Seulement, rien ne dit que les F-35A pourront quitter le territoire américain. En effet, et c’est d’ailleurs la raison qui explique les réticences des sénateurs américains, le rapprochement de la Turquie, membre de l’Otan, et de la Russie pose un problème dans la mesure où Ankara a commandé auprès de Moscou quatre systèmes de défense aérienne S-400 « Triumph ».
Or, avec ce contrat, la Russie pourrait avoir accès à des informations confidentielles sur les caractéristiques du F-35A. Et cela rendrait l’avion de Lockheed-Martin plus vulnérable, d’autant plus que la tendance actuelle est marquée par le déploiement de capacités A2/AD (Anti-Access/Area-Denial) que l’appareil américain est censé contrer.
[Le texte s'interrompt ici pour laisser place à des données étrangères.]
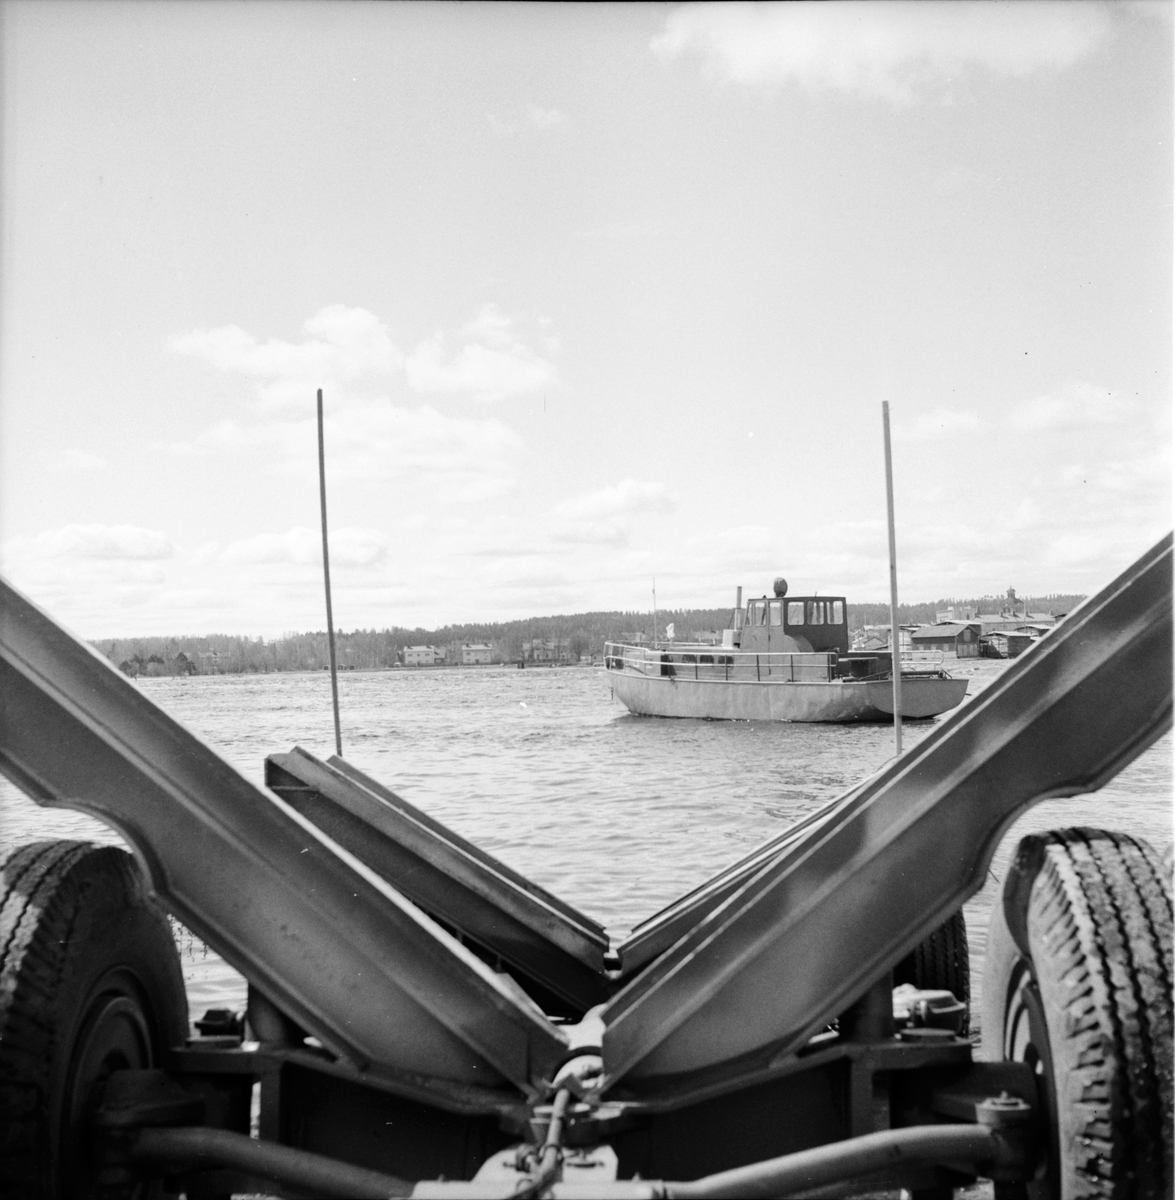 Bollnäs,
Flottarbåten "Varpnäs" väntar på att tas upp ur varpen,
Maj 1969

« C’est une affaire très sérieuse », a lancé Wess Mitchell, chargé des relations avec l’Europe et l’Otan au département d’Etat américain, lors d’une audition parlementaire, le 26 juin. « Nous avons clairement dit à plusieurs reprises au plus haut niveau du gouvernement turc qu’il y aura des conséquences » si la Turquie confirme son projet d’acquérir des systèmes russes S-400, a-t-il ajouté.
Pour dissuader la Turquie de se procurer de tels systèmes auprès de la Russie, M. Mitchell a évoqué des sanctions qui s’appliqueraient à Ankara en vertu d’une loi américaine [CAATSA, pour Countering America’s Adversaries Through Sanctions Act, ndlr] qui interdit tout contrat avec de entreprises du secteur russe de l’armement. Et, a-t-il prévenu, une « acquisition de S-400 aurait inévitablement des conséquences sur l’avenir de la coopération militaro-industrielle turque avec les Etats-Unis, y compris concernant les F-35. »
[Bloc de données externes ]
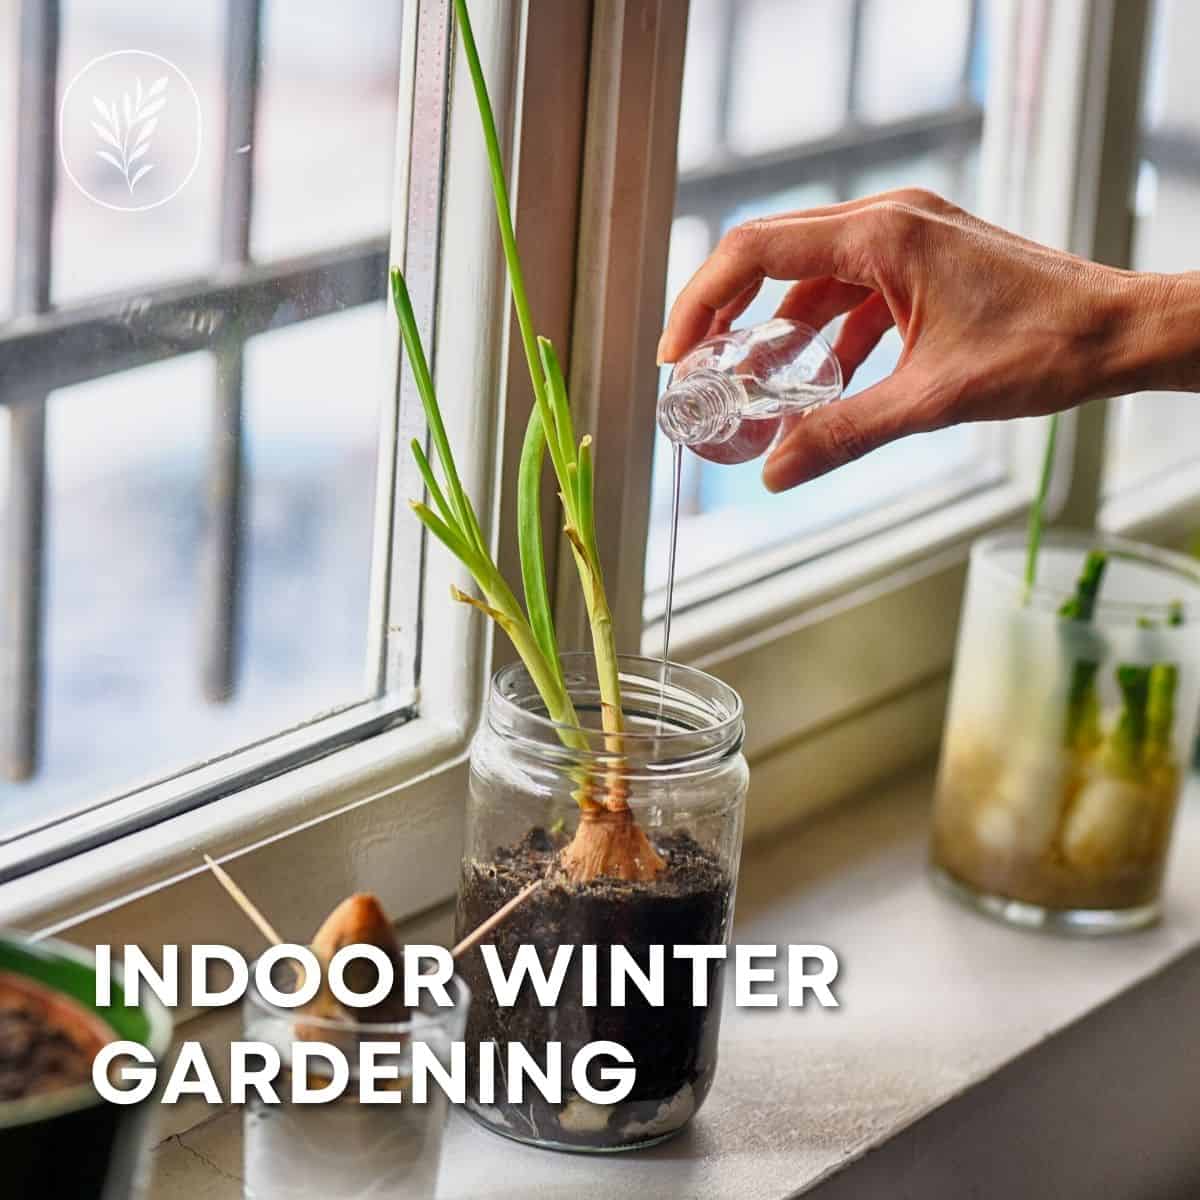 Indoor winter gardening via @home4theharvest

« Nous avons été on ne peut plus clairs, en privé comme en public: une décision sur les S-400 changera les relations américano-turques de manière difficilement remédiable », a insisté M. Mitchell. Et cela peut avoir des conséquences pour les forces armées turques, notamment au niveau de la maintenance de leurs F-16, construits par Lockheed-Martin.
« Les États-Unis restent en possession de l’avion jusqu’à son transfert qui intervient normalement après un long processus de formation », a rappelé le responsable de la diplomatie américaine. Aussi, a-t-il continué, Washington peut encore très bien, au niveau juridique, annuler la commande de 100 F-35A faite par la Turquie en invoquant des « préoccupations de sécurité nationale. »
La formation, à Luke AFP, des futurs pilotes turcs de F-35A « joue à notre avantage, car cela nous donne plus de temps pour continuer à faire pression » sur la Turquie « avant de prendre une décision définitive », a estimé M. Mitchell.
Le souci est que la Turquie est un partenaire de troisième niveau du programme F-35, avec l’implication d’une dizaine d’industriels, dont Turkish Aerospace Industries, Kale Group, ALP Aviation et Ayesas. La participation de ces derniers à la production du F-35 devrait générer plus de 12 milliards de dollars. Un point que n’a pas manqué de rappeler Mevlut Cavusoglu, le ministure turc des Affaires étrangères. « Nous sommes signataires avec les autres partenaires. Nous sommes impliqués dans ce projet. Personne ne peut donc remettre en cause unilatéralement un accord de coopération internationale », a-t-il fait valoir, à l’antenne de CNN Turk, le 21 juin.